Martin Warf, representing Republican legislative leaders, argued that Cooper cannot demand appointment authority when a state law does not provide it. Warf questioned Cooper’s argument that previous court cases say the governor is required to have control over executive branch agency decisions.

“Where does that go?” Warf asked. “Would it apply to the secretary of state? Would it apply to the treasurer?”

The secretary of state and treasurer are two of nine statewide elected executive branch officers who do not report directly to Cooper.

Questions from the bench suggested that judges were skeptical that the elections board case could be distinguished from earlier state Supreme Court decisions favoring Cooper and  Republican predecessor Pat McCrory. In those cases, courts ruled that the General Assembly violated the separation of powers when taking authority away from the governor.

The new elections board spelled out in SB 749 had been scheduled to take effect on Jan.1. With the judges’ decision to issue a preliminary injunction last fall, the current elections board remains in place throughout legal proceedings in the case titled Cooper v. Berger.

The governor is the plaintiff in the suit. Senate Leader Phil Berger, R-Rockingham, and House Speaker Tim Moore, R-Cleveland, are the defendants. Republican legislators approved the new elections board through SB 749 after overriding a Cooper veto.

The governor argued that the new eight-member board “would gridlock North Carolina elections and violate the separation of powers,” according to a news release from Cooper’s office.

“The deadlocks that will be created on these new Boards of Elections at the state and local levels likely will reduce early voting and create longer lines at the polls,” Cooper said in the news release. “It will also undermine fair elections and faith in our democracy by sending disputes to our highly partisan legislature and courts. Both the Courts and the people have rejected this bad idea and the meaning of our Constitution doesn’t change just because the Supreme Court has new Justices. The Supreme Court should accept the clear precedent and the clear voice of the people and reject the Legislature’s latest attempt to control the election process.”

The state Supreme Court rejected lawmakers’ previous attempt to create a bipartisan elections board in 2018. Voters defeated a constitutional amendment that year addressing the same issue.

Cooper’s lawsuit says legislative leaders ignored state Supreme Court decisions that “reaffirmed the separation of powers as a foundational principle of our state government.”

“Showing flagrant disregard for these constitutional principles, the North Carolina General Assembly takes direct aim at established precedents and once again seeks to significantly interfere with the Governor’s constitutionally assigned executive branch duty of election law enforcement and to take much of that power for itself,” Cooper’s lawyers wrote.

“Like Gollum reaching for the One Ring, Legislative Defendants are possessed by the power it brings,” the complaint continued. “When it comes to seizing control of the enforcement of the State’s election laws, neither the clear rulings of the Supreme Court, nor the overwhelming vote of the people, will deter them.”

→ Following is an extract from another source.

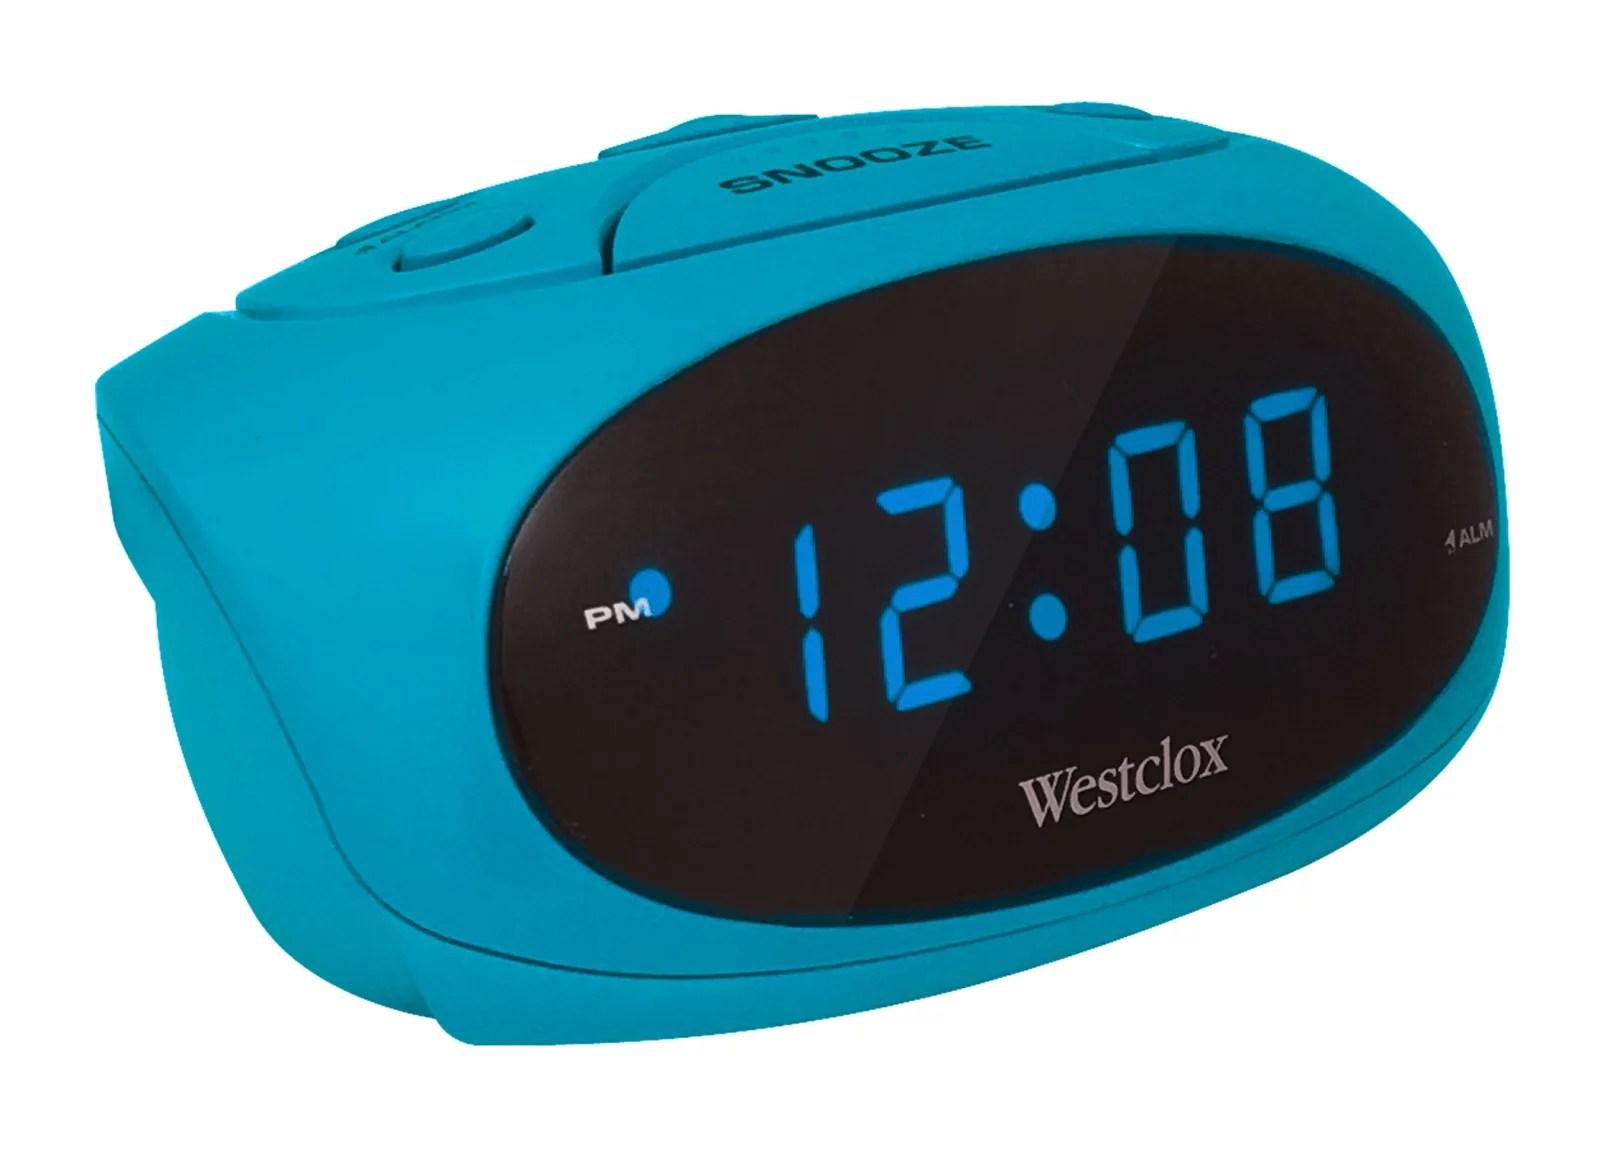 Westclox 70044a Super-loud Led Electric Alarm Clock black
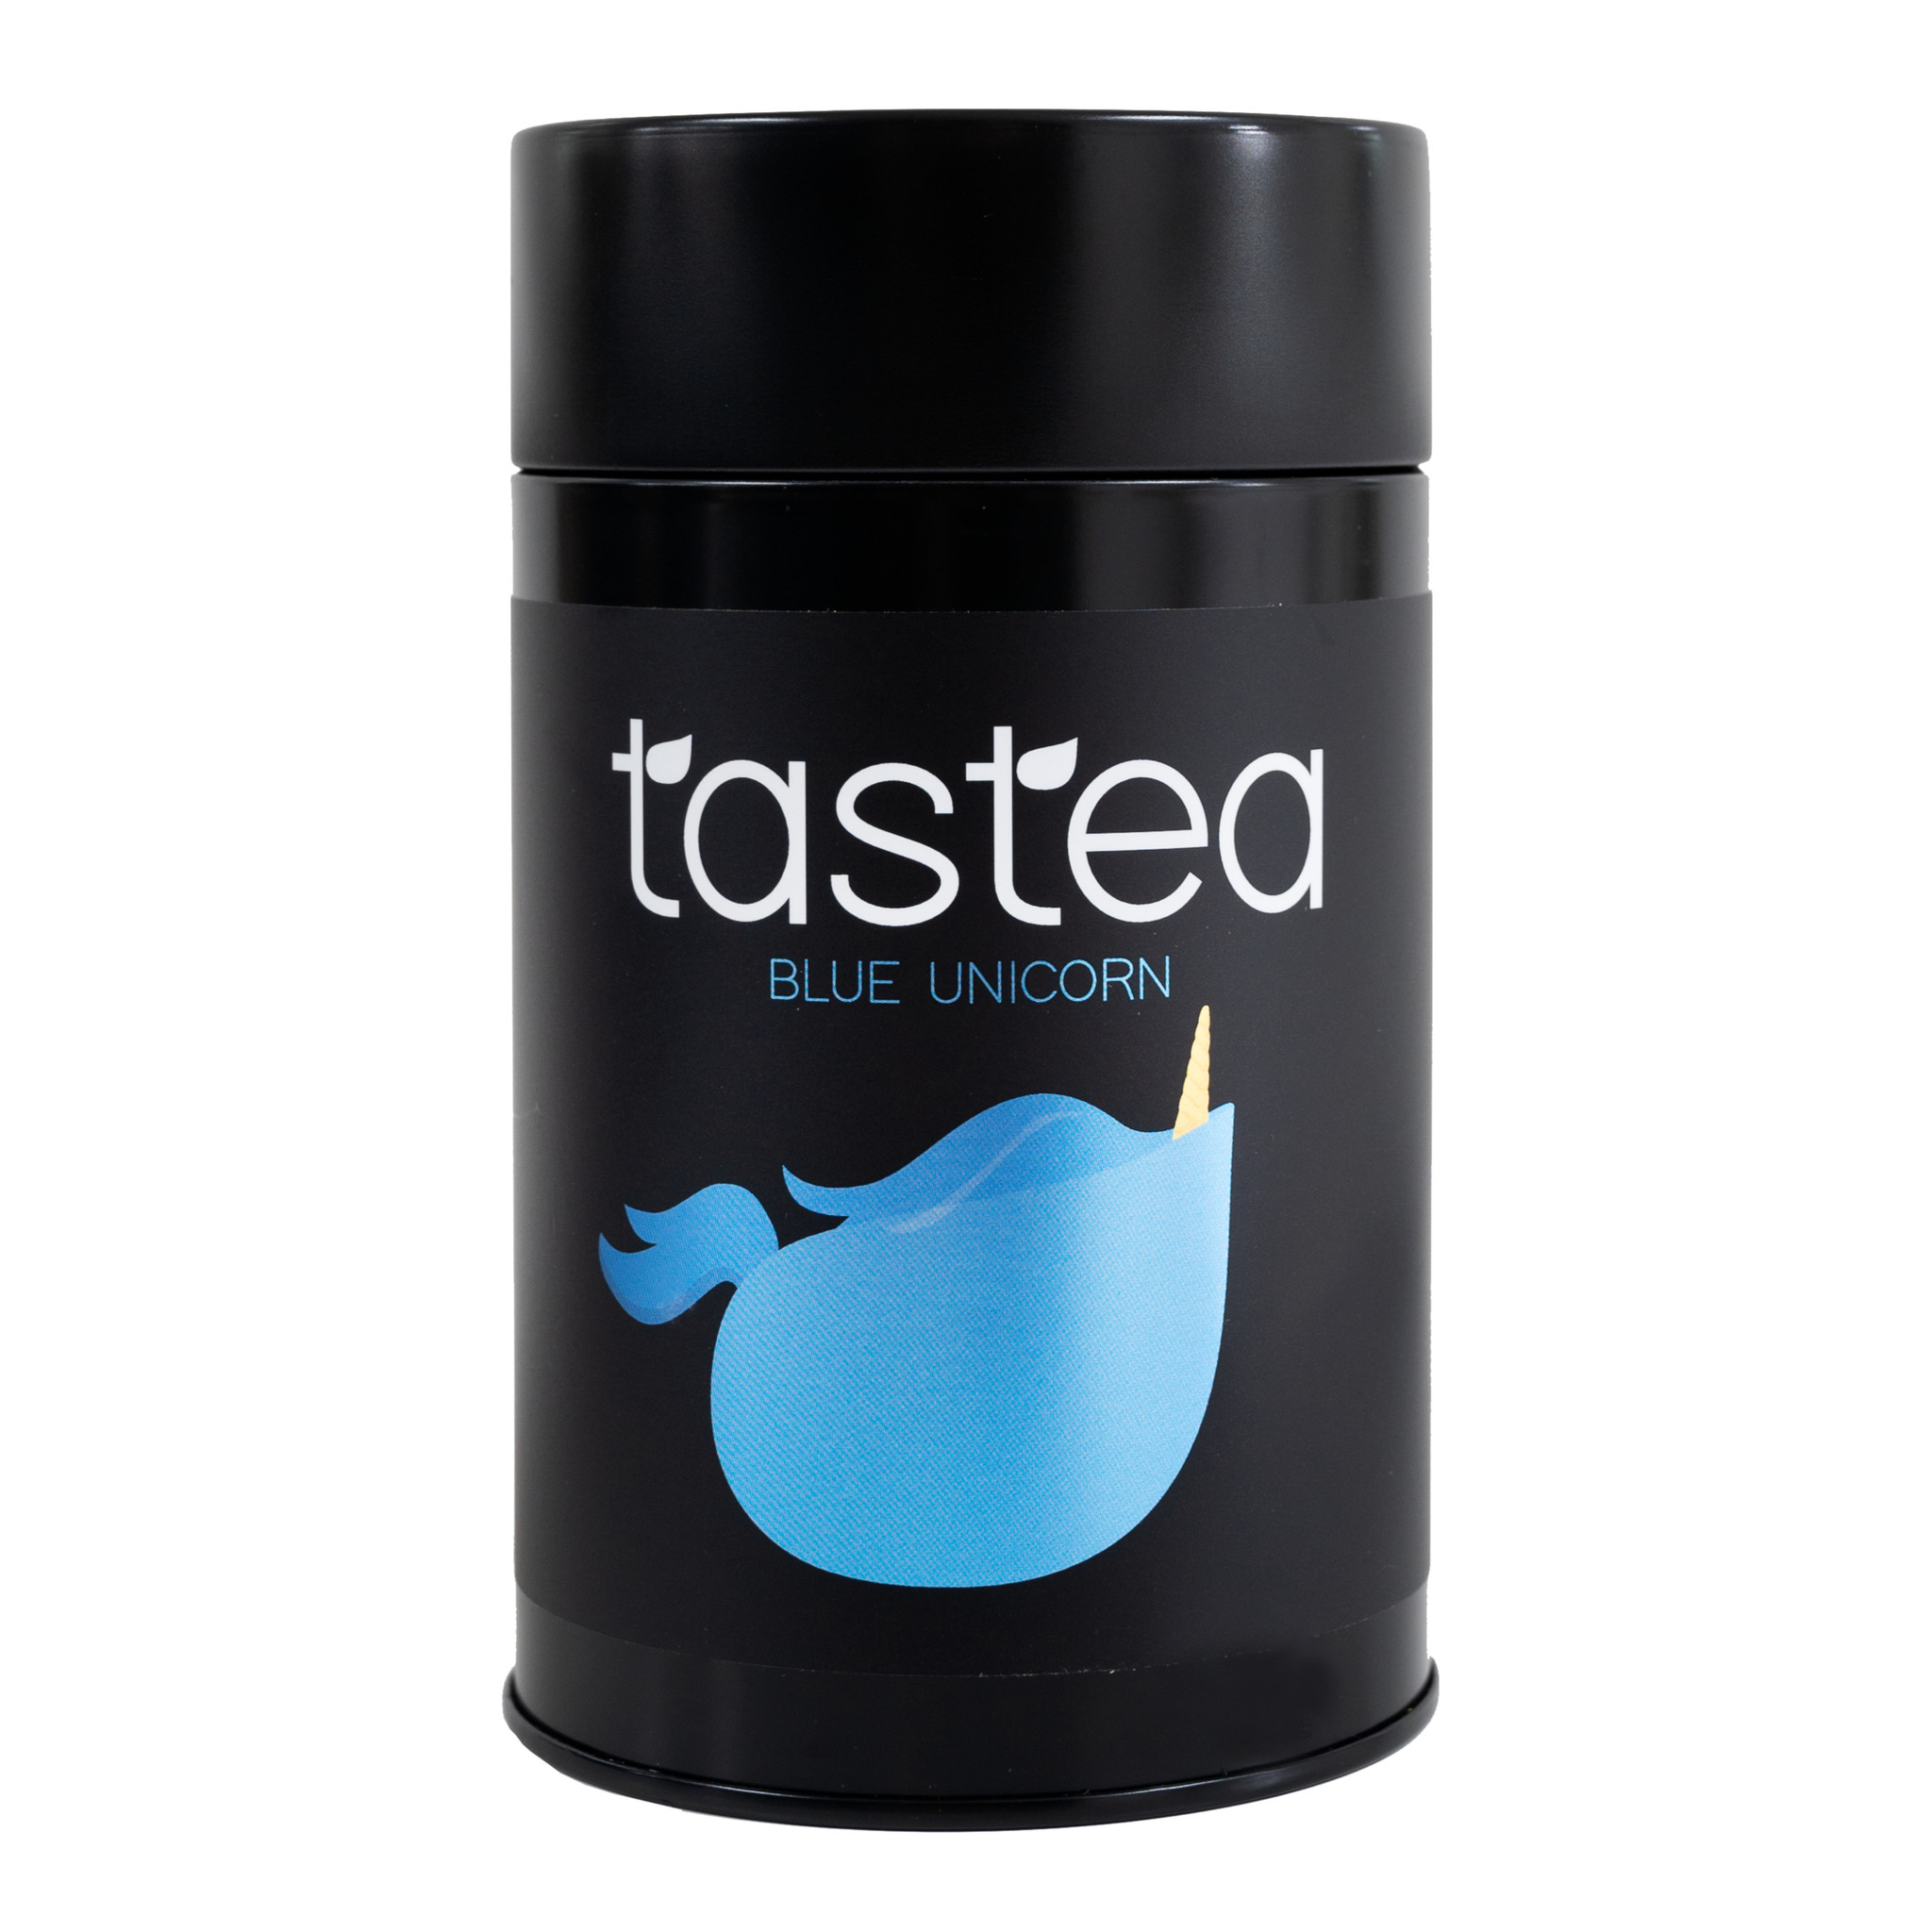 Tastea Blue Unicorn thee 100 gram

“To be clear, nothing has changed since the last time Legislative Defendants tried — and failed — to cripple the State Board of Elections, except, of course, the composition of the Supreme Court,” Cooper’s lawyers wrote. “But Defendants Berger and Moore hope that is enough — that the new Court will discard the principle of stare decisis to give Legislative Defendants what they so desperately want.”

Democrats held a 4-3 majority on the state Supreme Court in 2018. After building that majority to 6-1 in 2019, Republican sweeps of statewide judicial races in the last two election cycles have produced a 5-2 GOP majority on the state’s highest court.